Conclusions and Future Research

This analysis has expanded the literature on measuring neighborhood exposure to risk and vulnerability in a number of ways. Based on the final model, exposure to neighborhood vulnerability is declining in the overall sample and between race and gender groups. However, we observe a persistent racial and gender disparity in exposure at each time point. Results support the experience of distinct socio-structural contexts for marginalized groups of U.S. adults over time, which has implications for the persistence of health and socioeconomic disparities (Williams & Collins, 2001; Do et al., 2008; Wen and Kowalski-Jones, 2012; White et al., 2012; Kravitz-Wirtz, 2016). The differences in access to neighborhood resources and opportunities between race and gender groups are reflected in the clustering of minoritized groups in socially disadvantaged environments. Moreover, the lack of affluence (a combination of education, income, and professional employment) is a stronger driver of neighborhood vulnerability, indicating the potential benefit of equitable resource allocation in vulnerable communities. Black and White Americans live in vastly different census tracts, which speaks to the potential power of neighborhood equity in reducing health inequities in society more broadly (Ioana et. al, 2018). The impact of racial and income segregation is compounded by race and gender, as evidenced by the NVI disparities between men and women in all groups. Measures such as the NVI provide a new method of accounting for structural exposure to health risks that is otherwise unaccounted for by focusing on the individual.

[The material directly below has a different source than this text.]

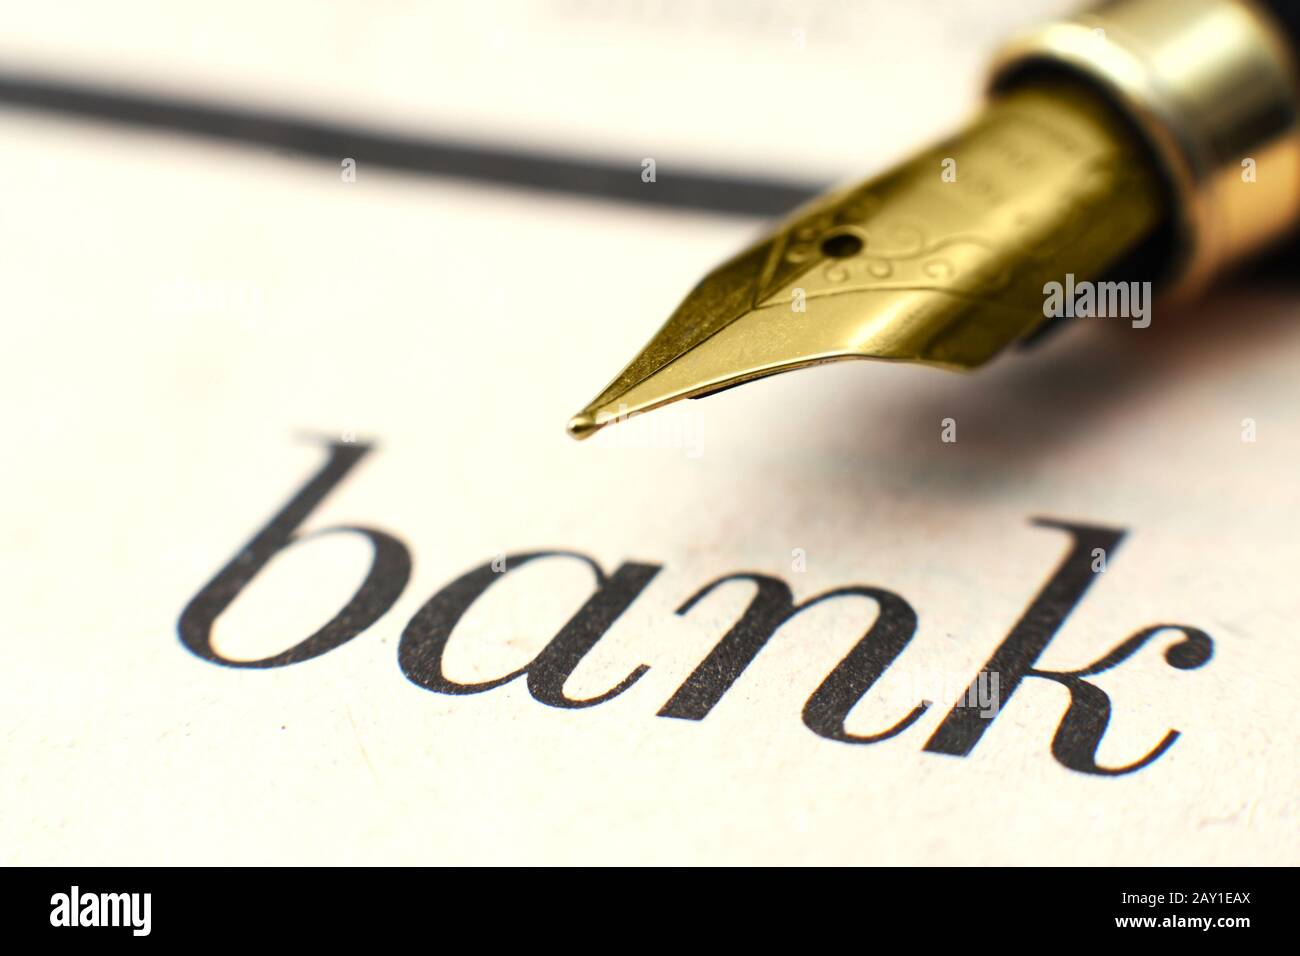 Bank concept Stock Photo

Future studies should seek to validate the NVI in other population-based samples. In addition, repeated analyses in more diverse samples would allow for additional racial/ethnic group comparisons and provide the ability to further examine patterns of exposure to neighborhood vulnerability among U.S. adults over time. Assessing whether the NVI is a significant predictor of health outcomes could provide evidence of a direct link between structural factors and health, further supporting the need to shift local policies, systems, and environments to reduce racial health inequities. There is also a need to explore approaches to addressing neighborhood vulnerability, such as local advocacy to shift the socio-structural environment through civic engagement and political action. Addressing the upstream social determinants of health at the neighborhood level may prove to be more effective than interventions at the individual level in addressing health inequities.